Während inzwischen ganz Italien zur roten Zone erklärt wurde, waltete in der Bundeshauptstadt zu diesem Zeitpunkt noch der alltägliche Wahnsinn. Touris bevölkerten in Scharen unbehelligt Sehenswürdigkeiten, Menschen strömten zu tausenden in die Einkaufsstraßen- und Zentren, die Wiener Linien beförderten auch weiterhin täglich mehr als 2 Millionen Menschen auf engstem Raum und die Gastwirte montierten emsig die ersten Schanigärten für die ersten wohligen Frühjahrsabende im Freien. Einzig die Anzahl der Studierenden an der Universität war aufgrund der laufenden Semesterferien geringer als sonst.

Ich versuchte auszublenden, was daheim zu geschehen drohte und hoffte gleichzeitig, Österreich in erster Linie und auch andere Nachbarstaaten nähmen zügig Anleihe bei Italiens Form der Krisenbewältigung. Doch auch in Österreich wartete man zu lange, reagierte zu spät. Der winzige Erreger, dem ich für einen Moment entflohen zu sein glaubte, war auch im Osten Österreichs angekommen. Und mit ihm - immerhin - ein Bündel an Maßnahmen und Einschränkungen, um dessen Ausbreitung einzuhegen. 

 

Türkis-Grüne Appelle von Bundeskanzler Kurz, Vizekanzler Kogler, Innenminister Nehammer und Gesundheitsminister Anschober, soziale Kontakte und Menschenansammlungen zu vermeiden fruchten zunächst nur bedingt. Mit Unverständnis vernehme ich Meinungen und Kommentare in den sozialen Netzwerken die im Zusammenhang mit Schulschließungen und Ausgangsbeschränkungen von Unverhältnismäßigkeit und Übertreibung sprechen, die weiterhin Vergleiche mit der saisonalen Grippe ins Feld führen. Das Leben scheint für viele unbehelligt weiter zu gehen, der Ernst der Lage, scheint nicht allen bewusst.

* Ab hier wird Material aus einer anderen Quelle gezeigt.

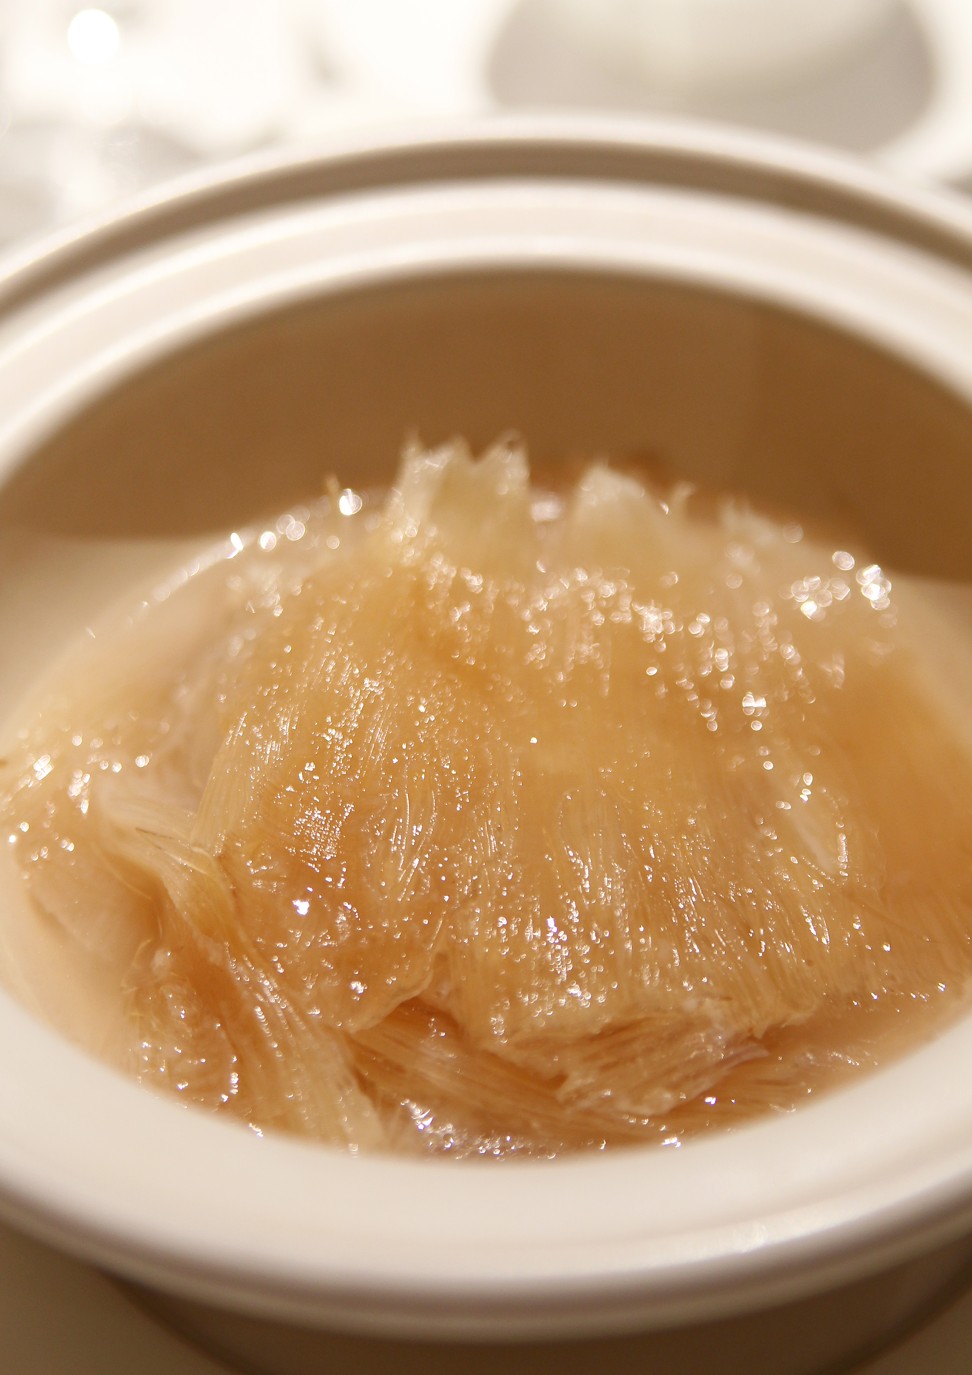 Shark’s fin soup is often served at banquets in Hong Kong and China. Photo: Oliver Tsang

Nach wenigen Tagen in sozialer Isolation in unserer zahlenmäßig dezimierten Wohngemeinschaft in Wien Leopoldstadt und vereinzelten Spaziergängen an der schönen Donau und im Prater, spiele ich mit dem Gedanken, nun doch wieder die Heimreise anzutreten.  Vielleicht ist es die letzte Möglichkeit, bevor für einige Zeit jeglicher Zugverkehr eingestellt, die Grenzen völlig dicht gemacht würden. Wo lässt es sich wohl besser ausharren? Was, wenn sich die Lage daheim zum Besseren wendet und sich hier in Wien drastisch verschlechtert?

Was aber, wenn ich für einen Moment nicht nur an meine Befindlichkeiten denke, sondern einsehe, dass mein individuelles Handeln und Nicht-Handeln Einfluss darauf hat, wie es anderen (er)gehen könnte? Was, wenn ich die Lage einfach akzeptiere, meine Ausgänge auf ein Minimum reduziere, soziale Kontakte meide? Wenn es das einfachste Opfer ist, das ein junger Mensch bringen kann, um Eltern, Großeltern, Freunde und schlussendlich sich selbst zu schützen, warum ist es dann für viele schlicht entbehrlich?